## Supplied material
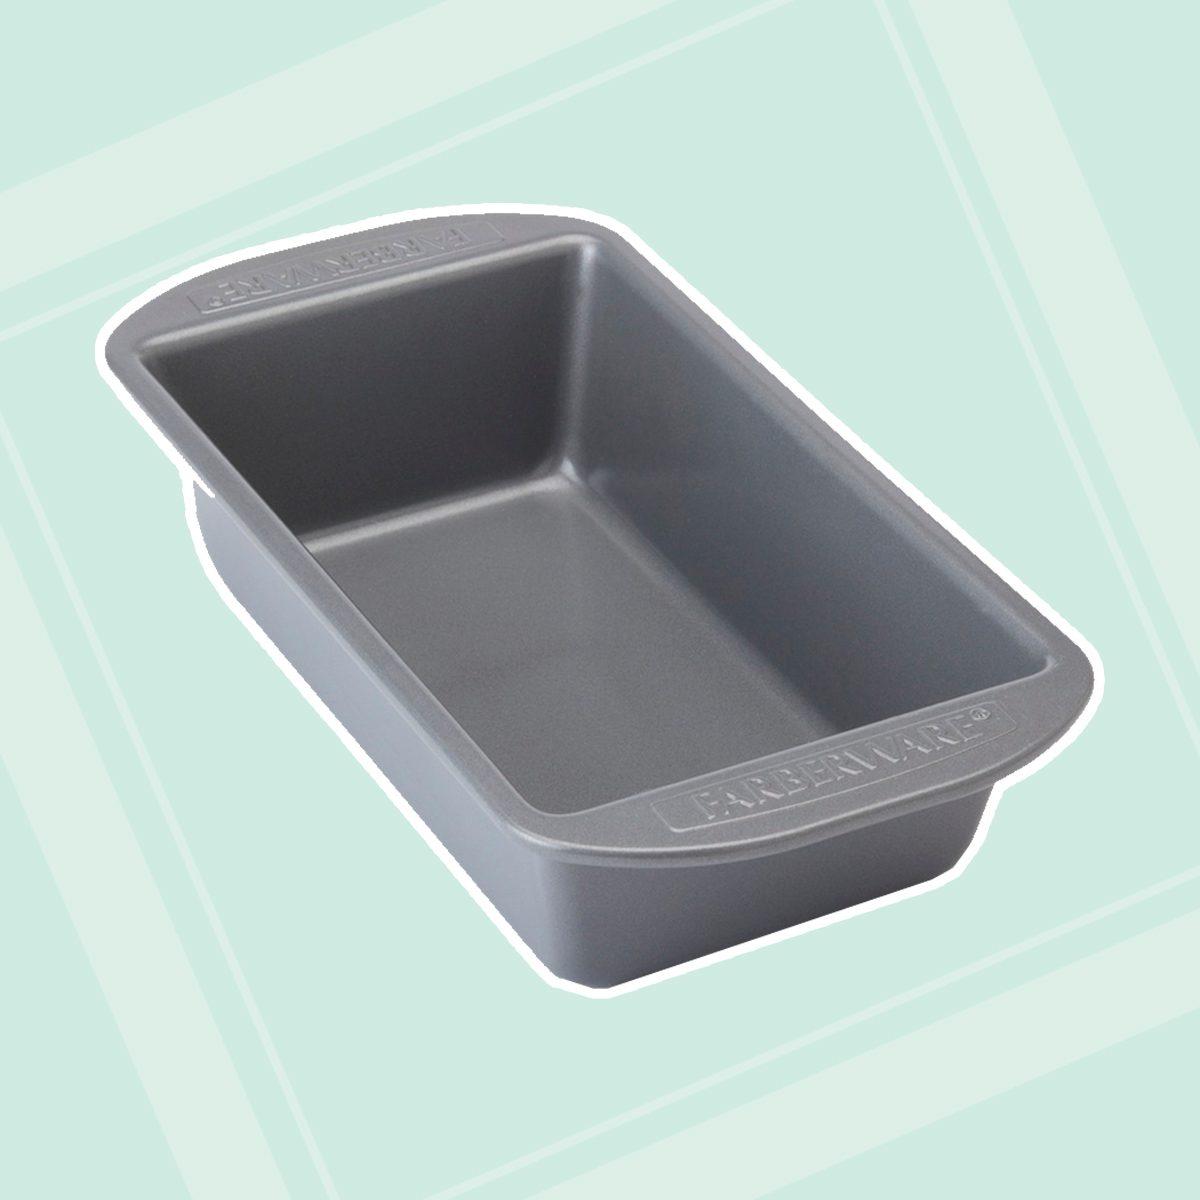 Farberware® 9'' x 5'' Nonstick Aluminum Loaf Pan
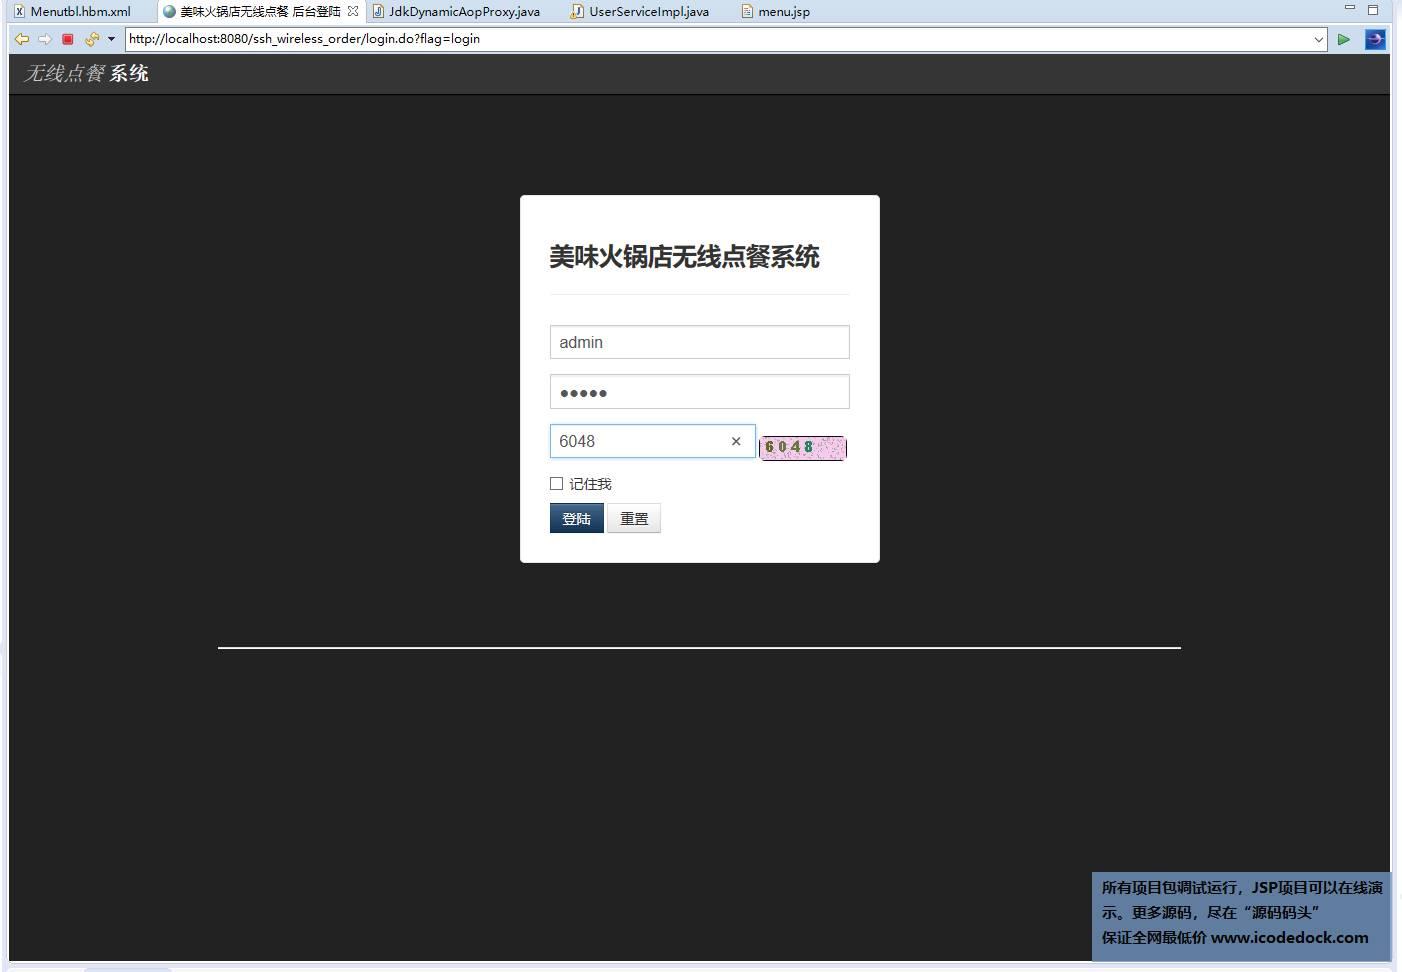 源码码头-SSH餐厅点餐管理系统-管理员角色-管理员登录
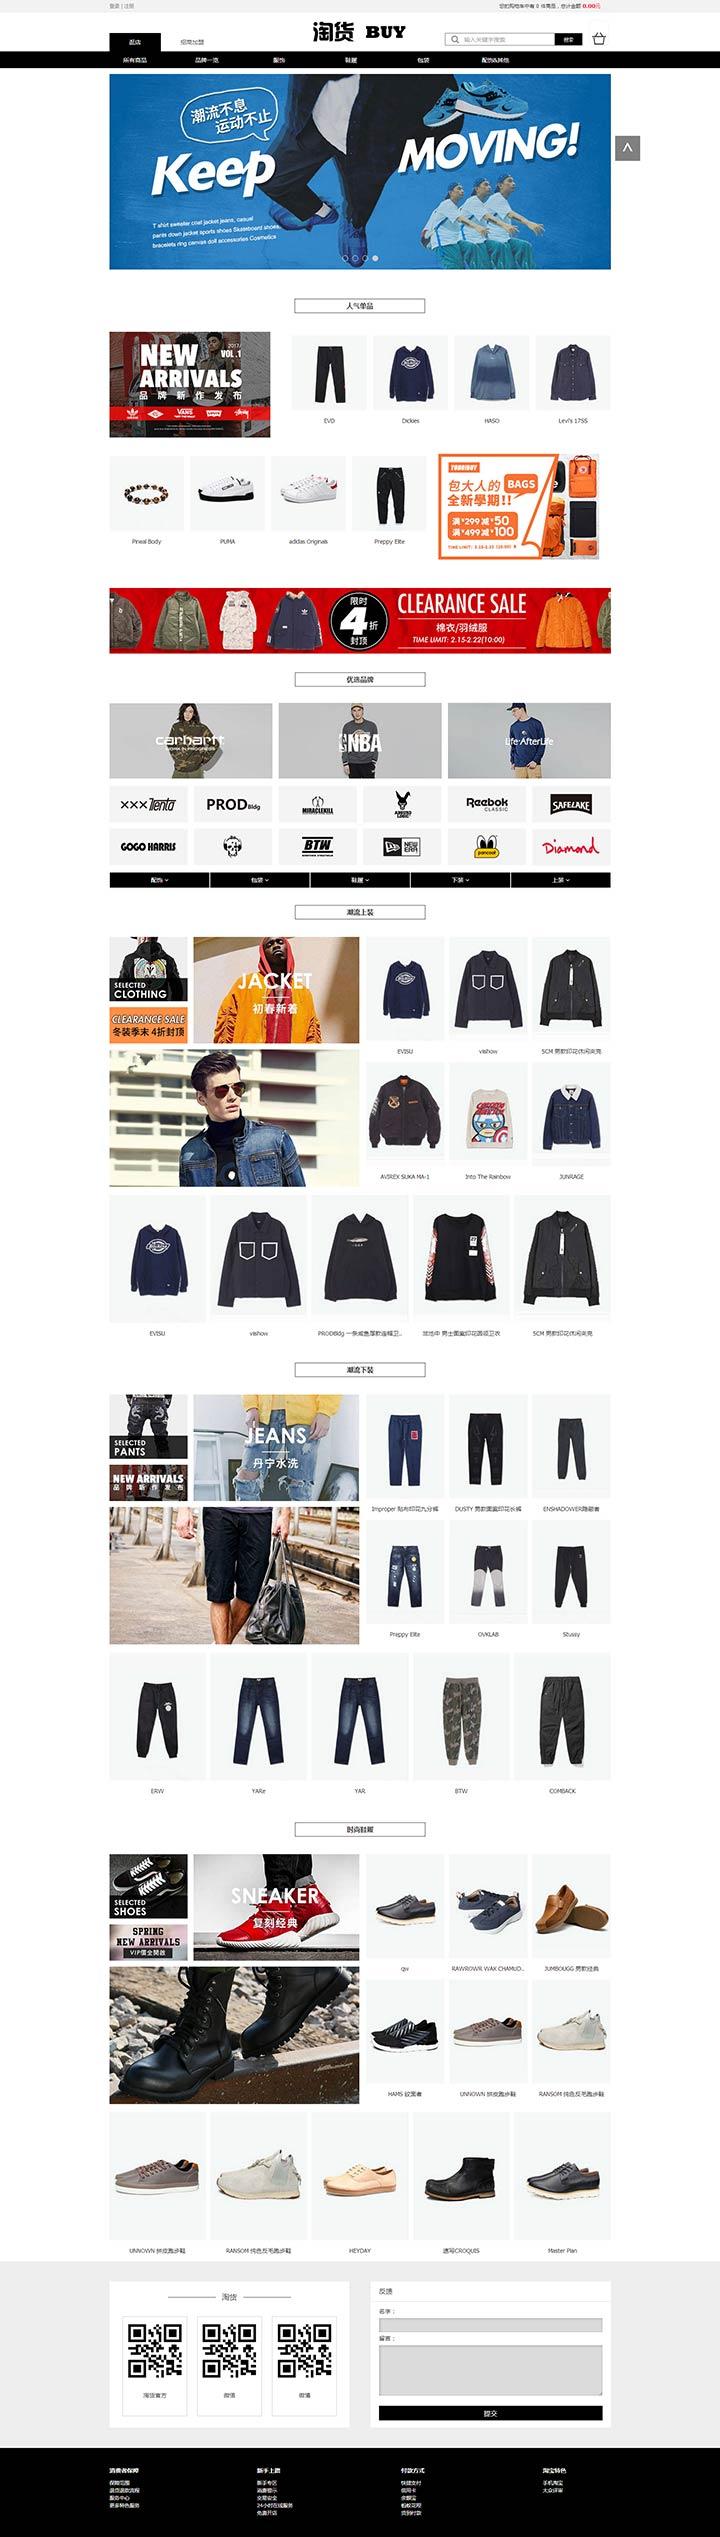 淘货商城购物网站模板

## Exercise aim
Print the listing exactly, images excluded.

## Answer space
 Farberware® 9'' x 5'' Nonstick Aluminum Loaf Pan
 源码码头-SSH餐厅点餐管理系统-管理员角色-管理员登录
 淘货商城购物网站模板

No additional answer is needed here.